President Bush Announces $7.1 Billion Emergency Plan for Avian Flu Pandemic

Chickens in Bulgaria

To advise Americans on the details of the US Emergency Plan in the event of an Avian Flu Pandemic, the government unveiled a pandemicflu.gov website today.

Several elements of the President's plan have been discussed in our own E-mails over the last several days, although I confess that the GRG was never invited to the table to give its own opinions before the Plan was officially presented. Generally speaking, however, we believe that the plan is a good one. Although I, for one, was somewhat embarrassed by the President's delivery style. It seems that he gave the speech off-the-cuff without sufficient preparation or rehearsal with the people at NIH who actually wrote it. He stumbled over many of the technical terms and had numerous hesitations throughout the speech confirming that he was clearly not comfortable with it. Obviously, medicine and science are not his forte.

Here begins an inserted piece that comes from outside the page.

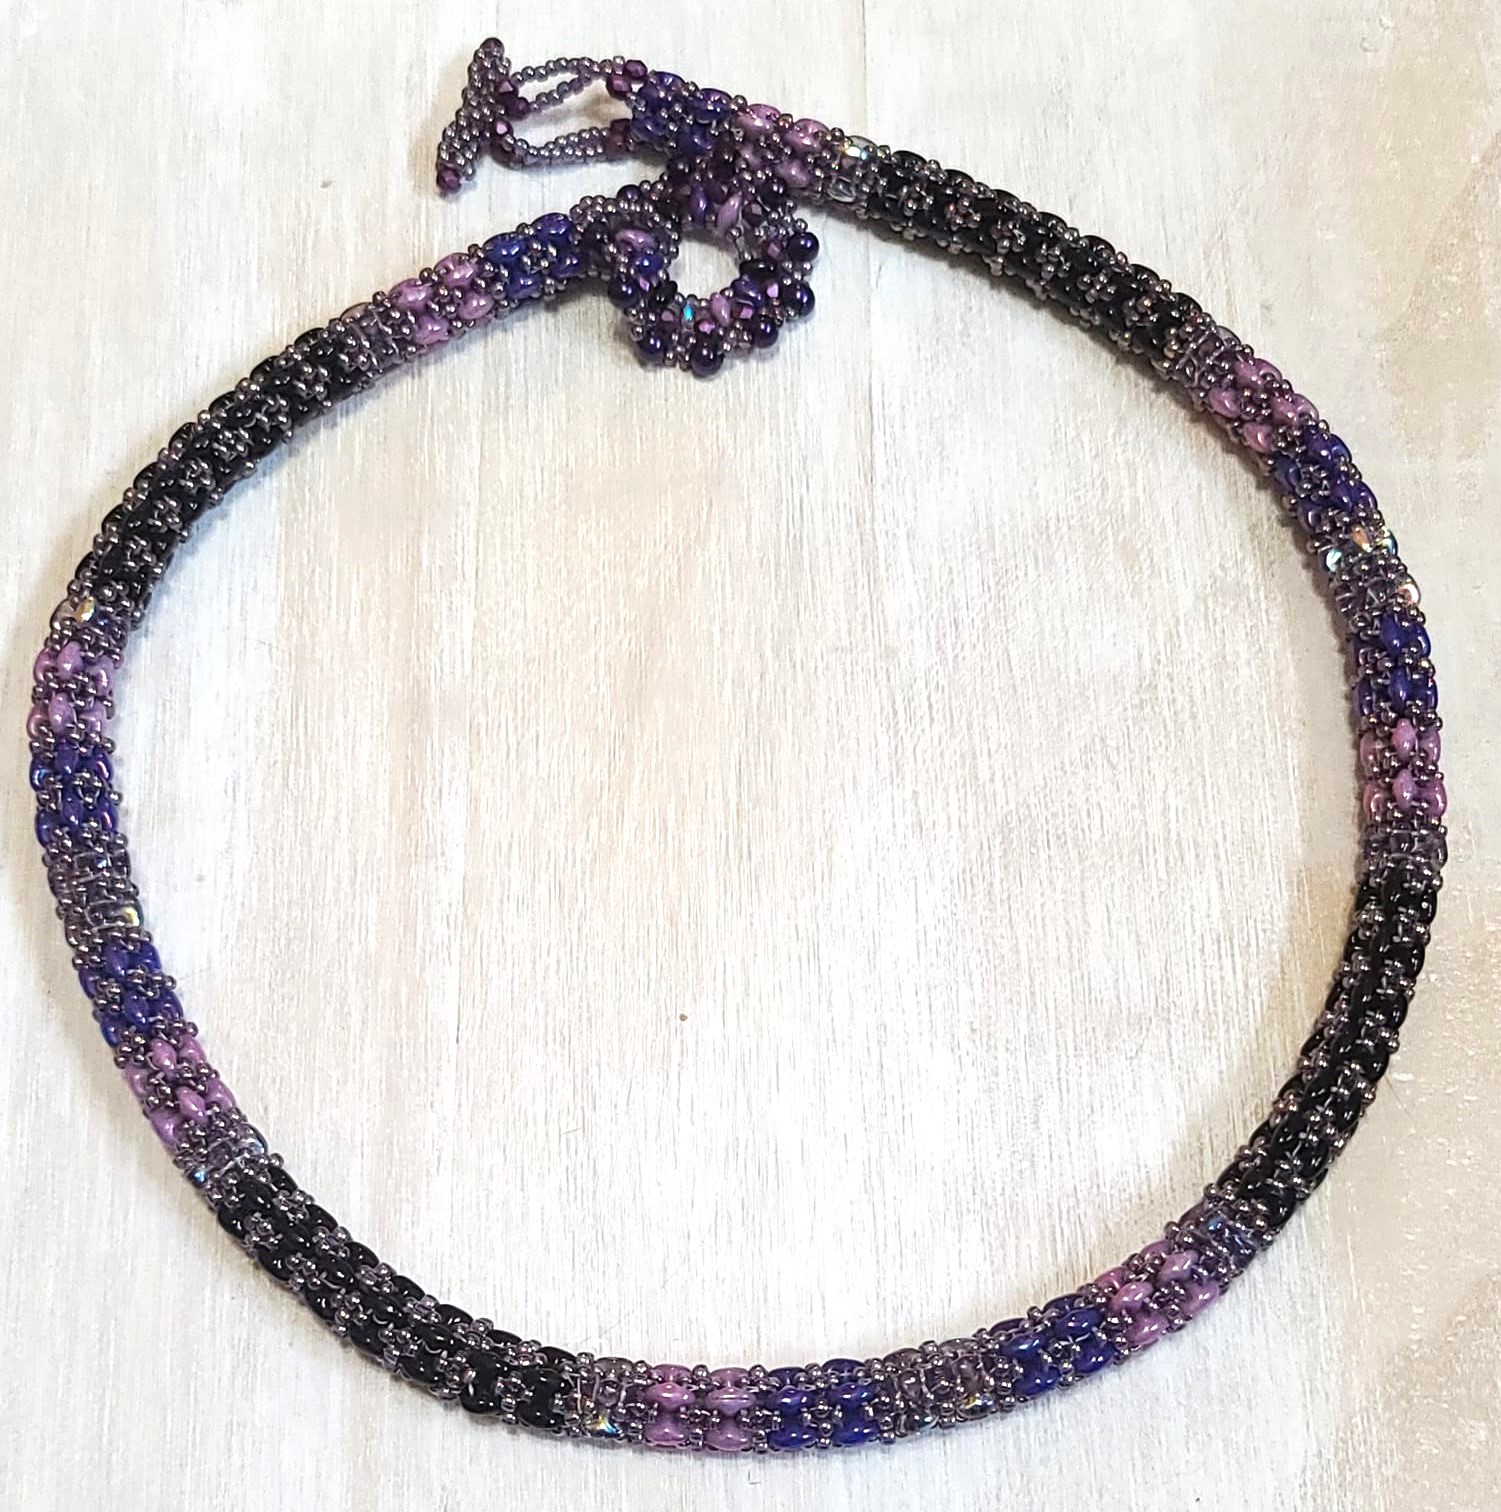 Beaded rope necklace, handcrafted, glass super duos and crystals

On the other hand, no one has yet "connected the dots" about how Swiss drug maker Novartis sweetened its offer to $5.1 billion for Chiron, who accepted the acquisition this time around, exactly one day before the President's speech. Chiron Corp. of Emeryville, CA has 5,332 employees and sales of $1.7 billion; while Novatis has over 81,392 employees and sales of $28.2 billion [1,2]. The true beneficiaries of this deal are going to be shareholders of Novartis and "Friends of Bush" who will be given a licence to print money without having to advance medical science themselves one iota. Essentially, the acquisition will be financed with borrowed money and stock, as it usually done. I guess this is what Steven Harris was musing about earlier when he speculated that the wealthy of this country, not the scientists, are the ones who control the pace of science, even though they know nothing about how to do it themselves. Their well-paid lawyers tell them what's hot and what's not. If the lawyers turn out to be wrong, they fire them and hire new ones. They don't hire scientists, since scientists don't speak their language. Doctors, scientists, and engineers are merely the pawns in the infrastructure that generates more wealth.

Refs.:

1. Lisa Girion, "Novartis to Buy Rest of Chiron: The Flu Vaccine Maker Accepts a Sweetened Offer of $5.1 billion from the Swiss Drug Company," The Los Angeles Times, pp. C1, 8 (November 1, 2005).
2. David P. Hamilton, "Novartis Agrees to Acquire the Rest of Chiron for 5.1 Billion," The Wall Street Journal, pp. A1, 6 (November 1, 2005).
3. The New York Times (November 1, 2005).
4. The Los Angeles Times (November 2, 2005).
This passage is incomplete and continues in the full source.